# Does your cockapoo weigh over 25lbs?



## JessicaAleigha

Our vet told us that our baby (from a 12 lb mother and a 6lb father) will be at least 30lbs! I was wondering if anyone has a large cockapoo and if you would post a picture of them next to you and what they weigh.

I've never had a dog over 10lbs before so I'd like to see what a bigger baby looks like in comparison to a person. 

Thanks!


----------



## kendal

This thtread might interest you 

http://ilovemycockapoo.com/showthread.php?t=467&highlight=inca


----------



## francesjl

30 lbs is about 13kg, I think lots of cp's on here are around 10kg
My Rascal is just under 10kg, here he is with a relative !
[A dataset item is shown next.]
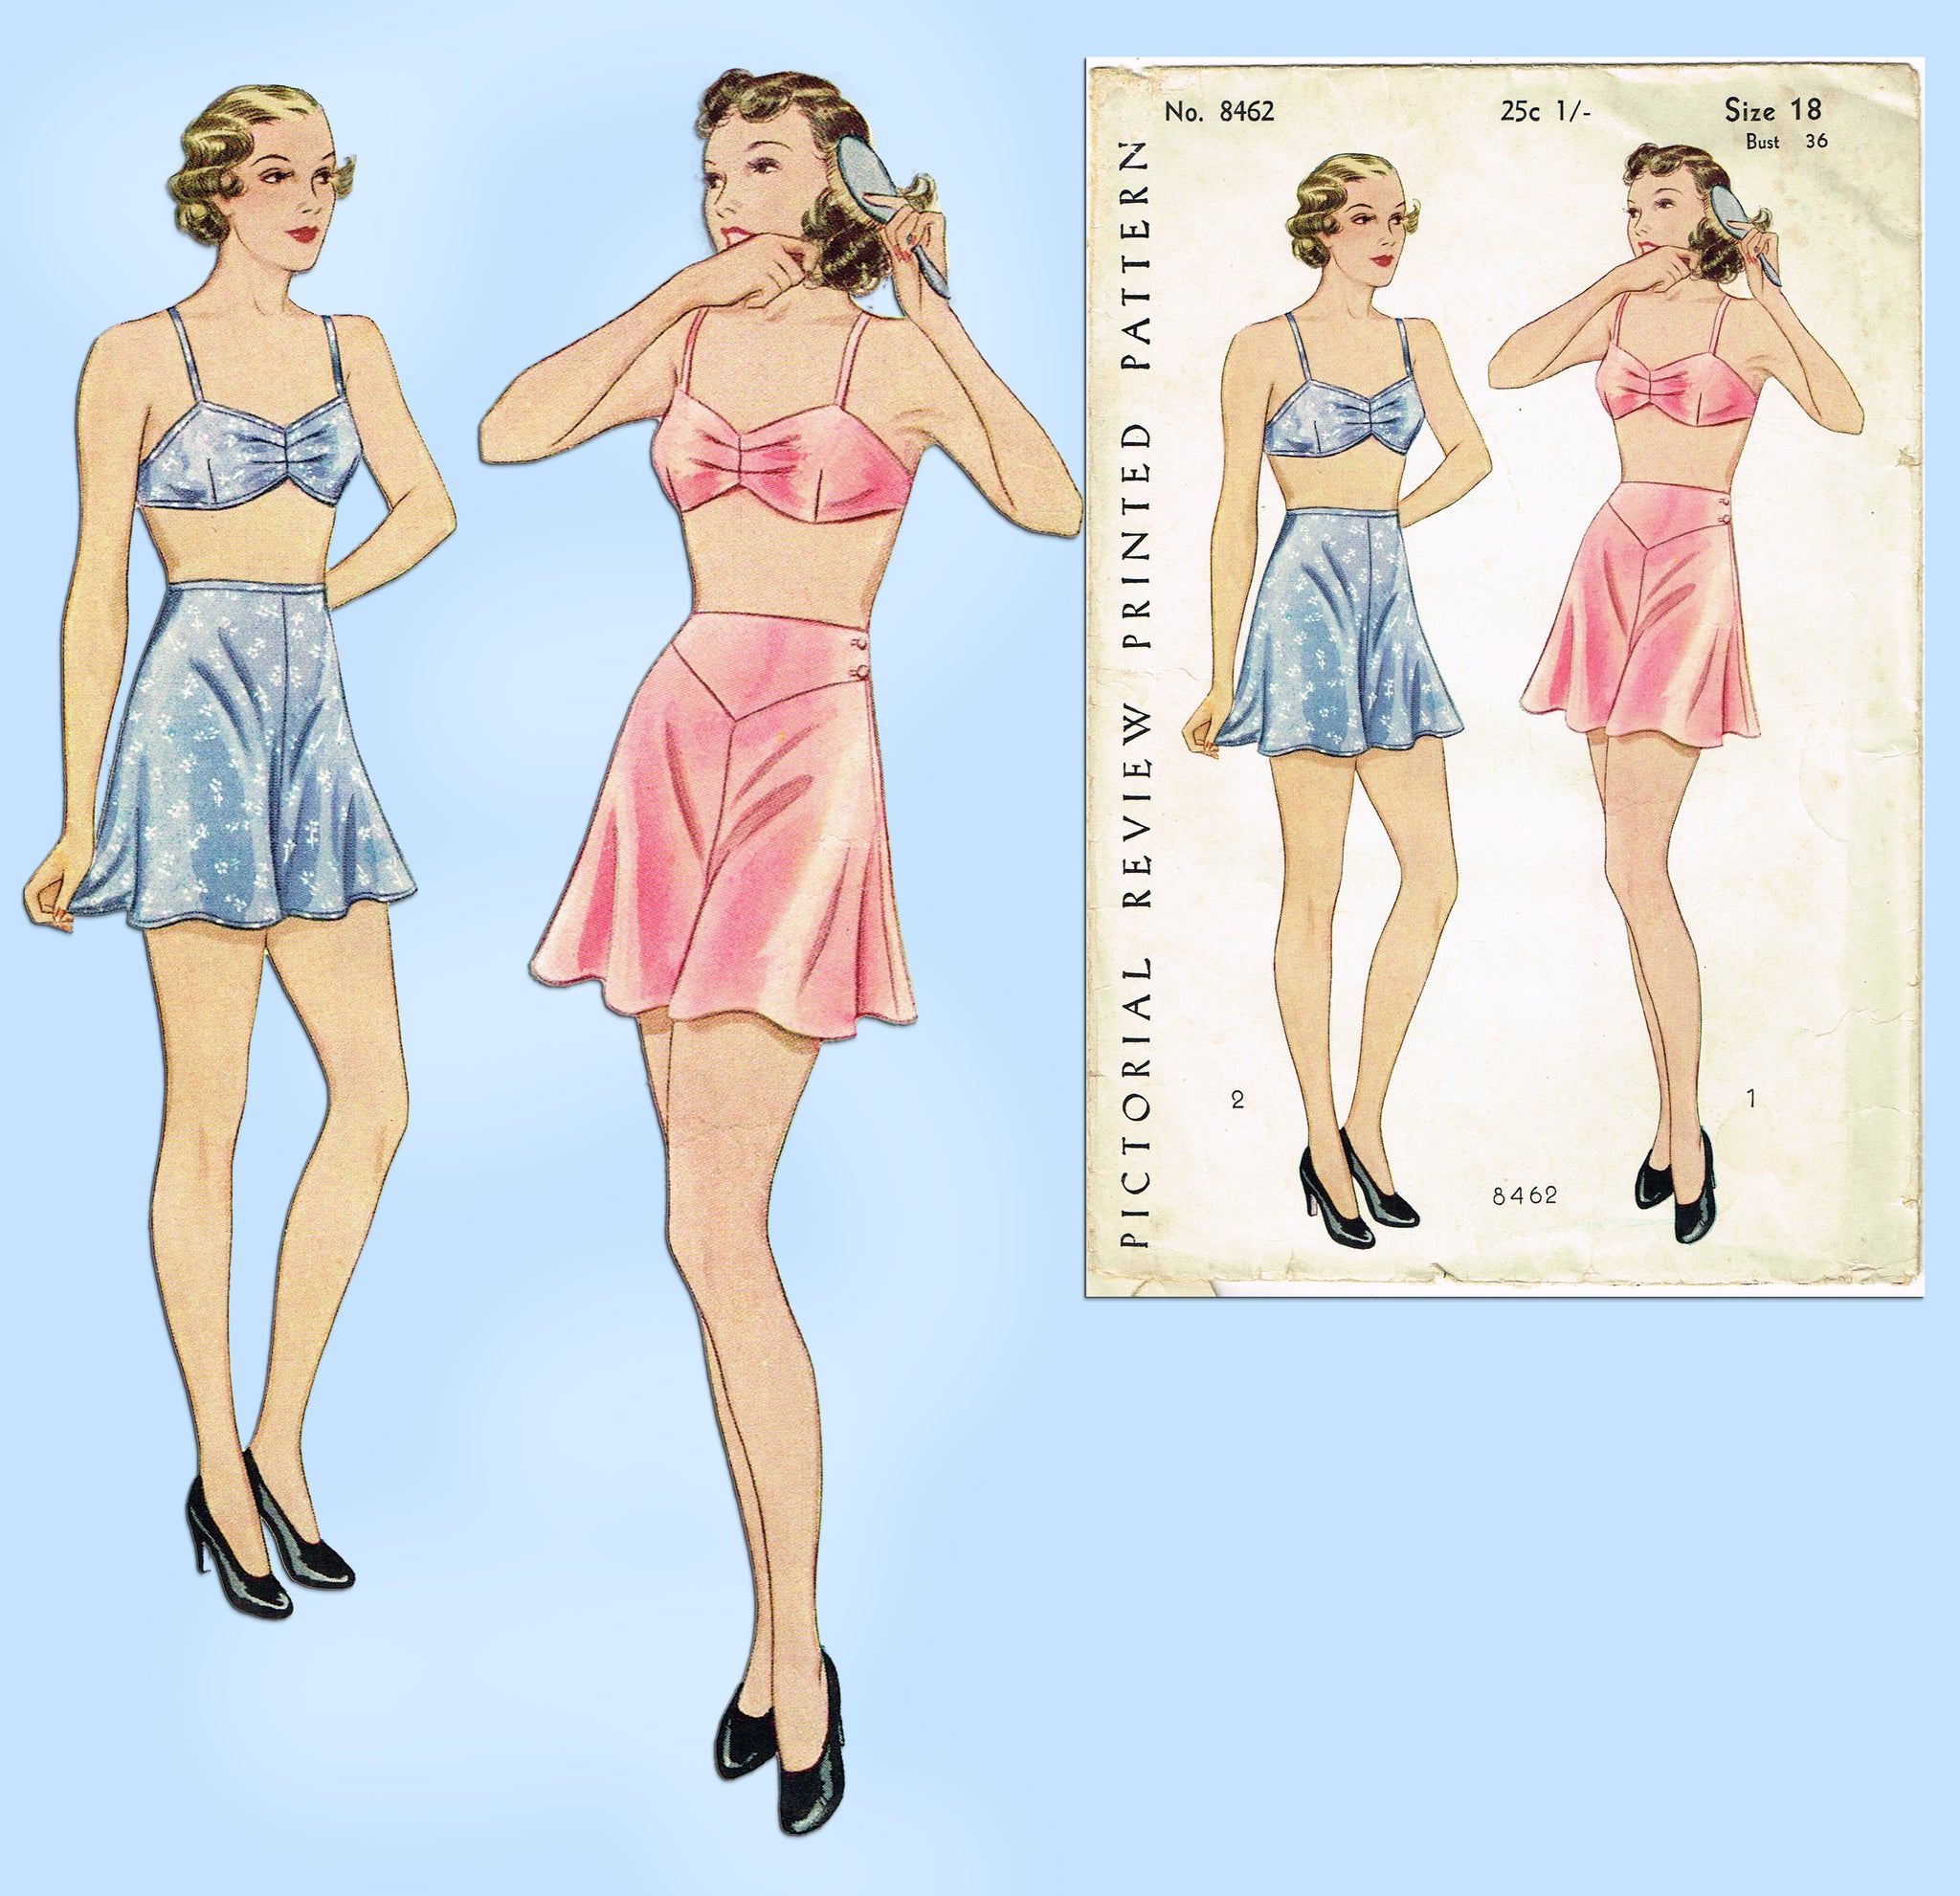 Sew Knit N Stretch 218 1960s Misses Ladies Bullet Bra Pattern Womens Vintage  Sewing Pattern Size 34 A B C Cup UNCUT

And Scamp, my other 'poo is 21kg, about 46lbs !!


----------



## Janev1000

Even thoughh Biscuit's mum is an American toy and dad is a small mini poodle, Biscuit is already 20 lb's (9.1kg) !! and the vet said he felt just right! However, the cocker in his mix is of a good size so maybe it comes from there, as his mother looks quite stocky too. It's very difficult to tell. I do think 30 lb's sounds a bit much considering the size of your dog's parents.


----------



## flounder_1

Lolly is 11.5 kg. She's a working cross


----------



## Janev1000

Here's a pic - not sure what happened last time!


----------



## wilfiboy

Wilf is 14kg and I much prefer his build to Mable who fluctuates between 9.5-10.5kg, I sometimes find her a bit scrawny x I'll look for a picture x


----------



## Kodysmom

Kody just weighed in at the vet yesterday and is 14lbs at a little over 6 months. I'm hoping he doesn't go over 18lbs for his adult weight. 

Over 25lbs sounds really big comparing the parents size.


----------